Bien loin des tracasseries nationales liées à la restructuration conventionnelle du bâtiment, le milieu patronal savoyard du BTP passe actuellement l’essentiel de son temps à s’entre-déchirer. Depuis plusieurs semaines, René Chevalier, le président indéboulonnable de l’organisation patronale locale du BTP longtemps affiliée à la fédération française du bâtiment (FFB) est en guerre ouverte contre ladite FFB et celui qu’elle s’est choisie comme son nouveau représentant local, Patrick Richiero.
Le mandat de trop
Tout a commencé en juin dernier : René Chevalier, président de la fédération 73 du BTP, a été réélu président. A première vue, rien de très grave. Sauf que pour la FFB, ce nouveau mandat est apparu comme étant une provocation. Il faut dire que M. Chevalier préside cette fédération depuis… 20 ans. Du point de vue des instances nationales, M. Chevalier doit rendre son tablier. D’ailleurs, la FFB estime que la réélection du président est contraire aux statuts de l’organisations, qui prévoient qu’un président ne peut l’être que durant trois mandats.

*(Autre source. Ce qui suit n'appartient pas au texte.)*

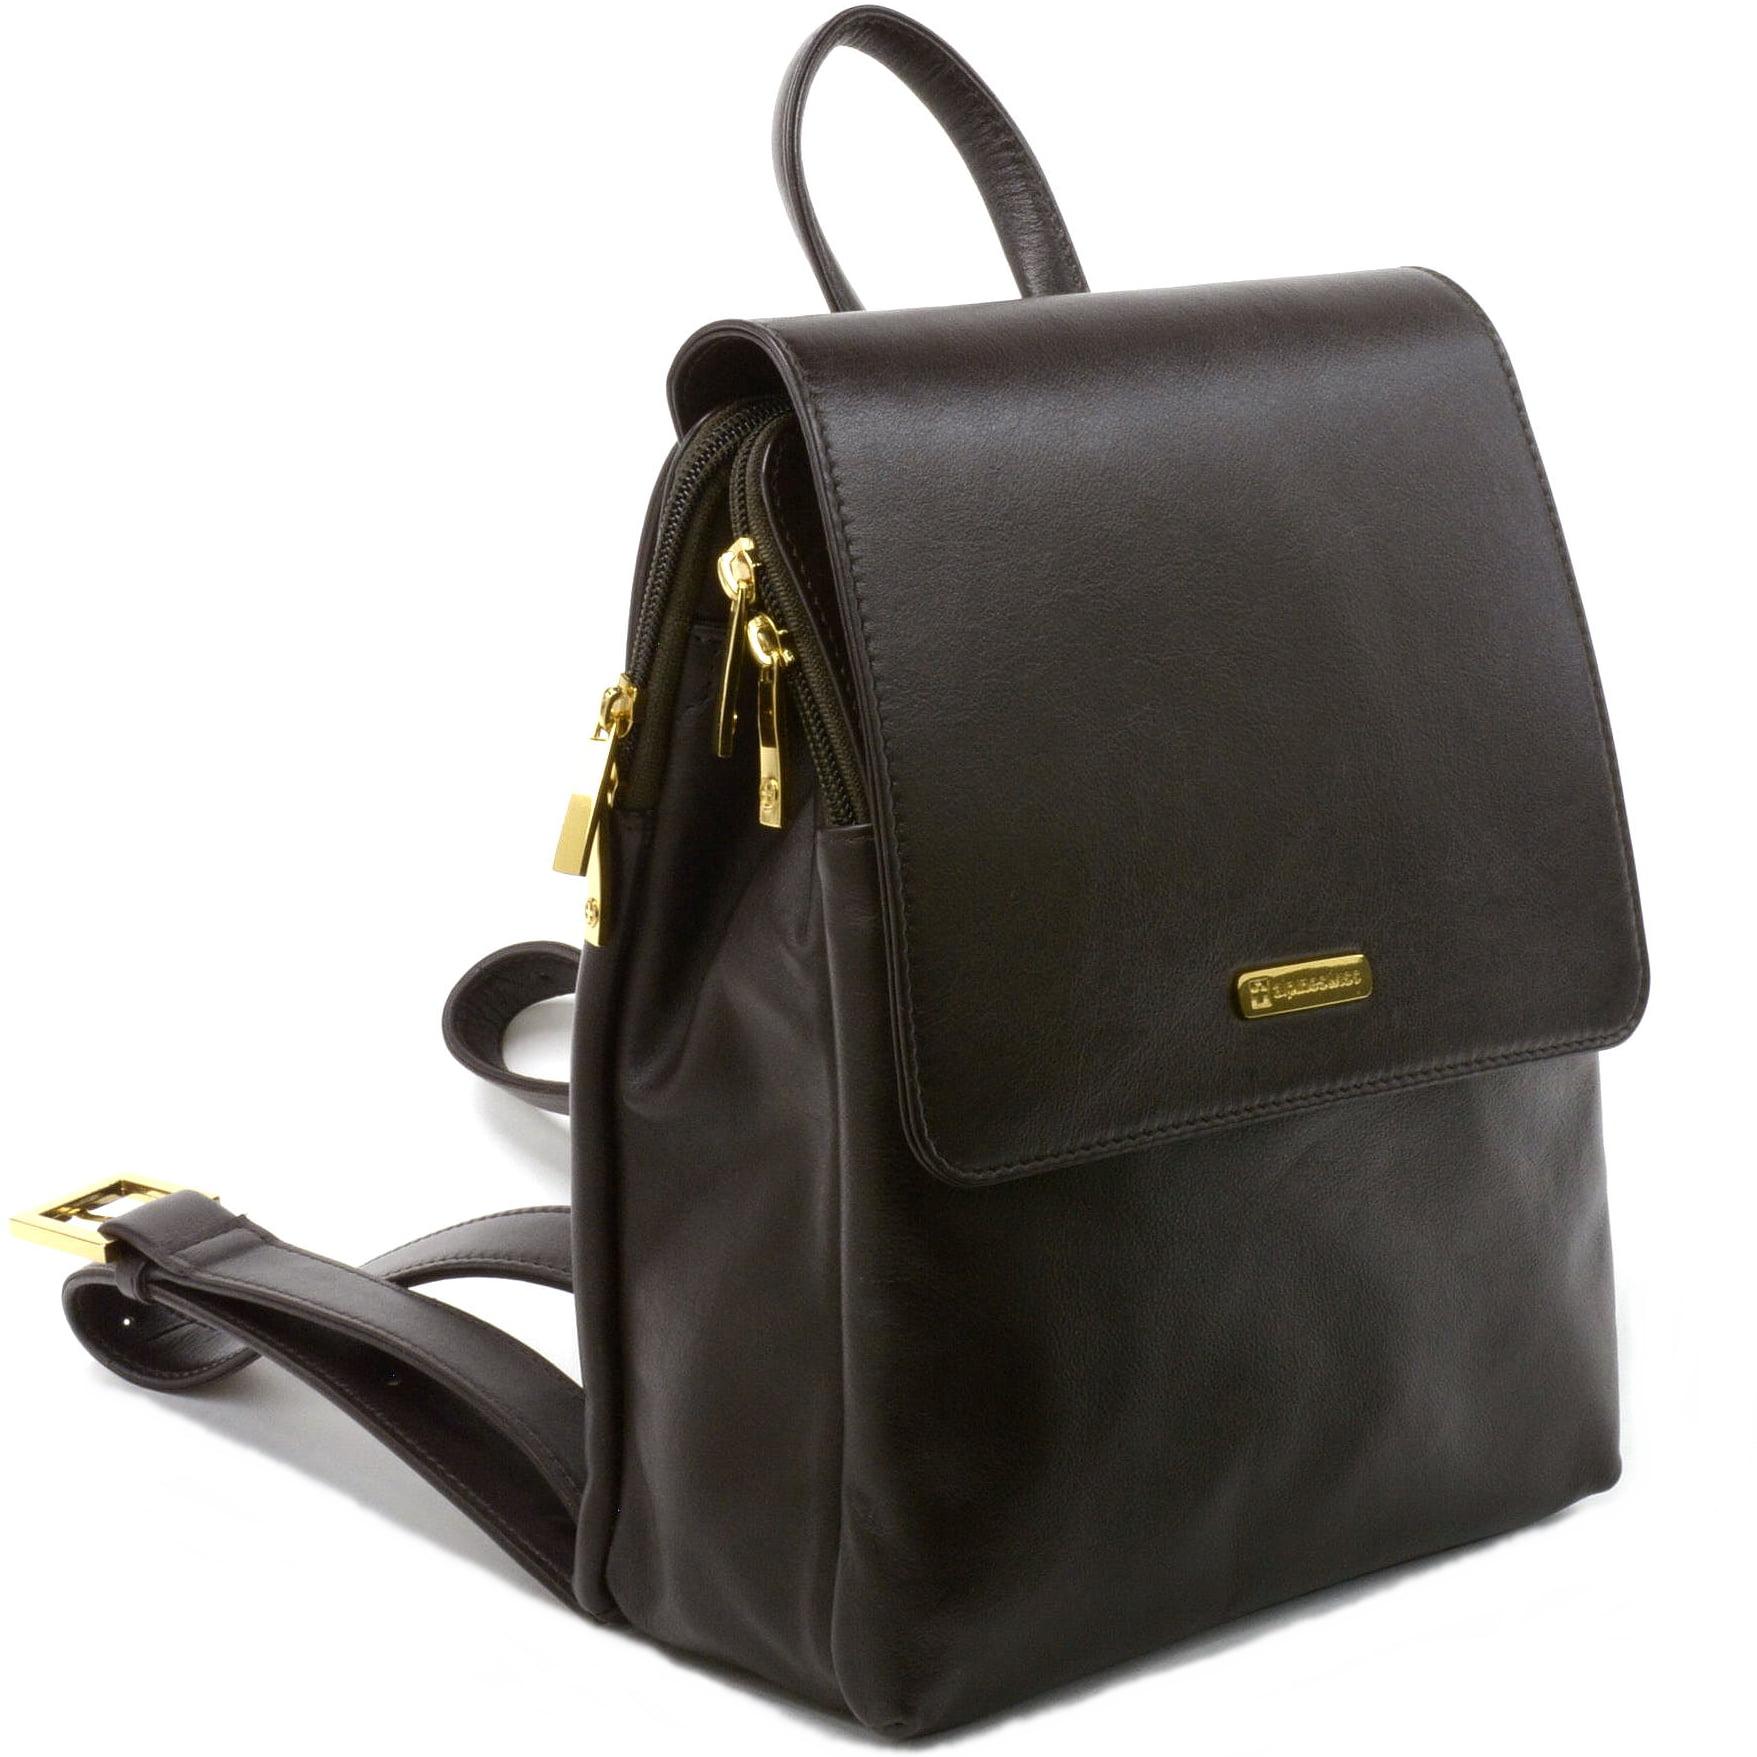 Swiss Womens Genuine Leather Backpack Purse Everyday Handbags

Dans ces conditions, mi-novembre 2017, la FFB a demandé à René Chevalier de démissionner de son mandat. Devant son refus d’agir ainsi, à la fin du mois de novembre, elle a exclu la fédération savoyarde de son organisation et a mis en place une nouvelle structure départementale, confiée à Patrick Richiero.
Un notable patronal
Comme il fallait s’y attendre, René Chevalier n’a pas tout à fait apprécié la manoeuvre des dirigeants nationaux de la FFB. Il s’est maintenu à la tête d’une organisation professionnelle désormais dissidente et a rapidement fait savoir qu’il entendait porter l’affaire devant les tribunaux.
Or, hélas pour Jacques Chanut, le président national de la FFB, M. Chevalier est une figure importante du patronat savoyard, connue non seulement dans le BTP mais bien au-delà. Ancien président du Medef Savoie, ancien président de la CCI locale – dont il compte toujours parmi les élus – ancien membre du CESER, il est aujourd’hui encore président de la médecine du travail départementale. Autant dire que M. Chevalier a bien des soutiens parmi les élites et le patronat du département et de la région.
Surtout, comme M. Chevalier se plaît à le rappeler depuis le début de cette malheureuse affaire, l’organisation qu’il préside rassemble l’essentiel des entrepreneurs du BTP de Savoie, soit 180 entreprises qui représentent 8000 salariés.
Un autre notable patronal
Si l’on s’en tient à ce critère de la représentativité, force est de reconnaître que les arguments de René Chevalier sont plus solides que ceux de la FFB. Dans l’état actuel des choses, la nouvelle antenne locale qu’elle vient de mettre en place ne compterait qu’une vingtaine d’adhérents. Moqueur, M. Chevalier assure même au Dauphiné Libéré que ce chiffre est en réalité inférieur : “ils sont huit aujourd’hui”.
Quoi qu’il en soit de cette bataille de chiffres, il convient de préciser qu’en matière de renouvellement des personnels, la FFB n’a tout de même pas fait le choix de frapper trop fort. M. Richiero n’est en effet pas du tout un inconnu dans le département. Président de la CPME de Savoie, il est en outre vice-président de la CCI au nom de l’industrie. Autrement dit, ne trouvant guère de soutien du côté du Medef 73, la FFB a préféré se tourner vers la CPME afin de mener sa barque.
Enfonçant bien le couteau dans la plaie, M. Richiero a commenté en ces termes son élection auprès du Moniteur : “Nous nous engageons à appliquer une gouvernance claire et transparente pour notre syndicat avec un renouvellement régulier de nos instances dirigeantes et le respect de la périodicité des mandats. C’est ainsi, qu’à notre avis, doit vivre une fédération”.
1-0 pour la FFB
Puisque seule la justice pouvait départager les différentes parties prenants, M. Chevalier a porté plainte devant le TGI de Paris contre l’exclusion de son organisation du réseau de la FFB et contre la création d’une nouvelle structure. Hélas pour lui, dans un jugement rendu public au début du mois de février, le TGI de Paris a donné entièrement raison à la FFB.
René Chevalier ne s’avoue pas battu pour autant et vient de décider de contre-attaquer, par le moyen de la procédure “à jour fixe”, permettant un débat sur le fond de l’affaire. L’audience est prévue pour le 10 avril prochain.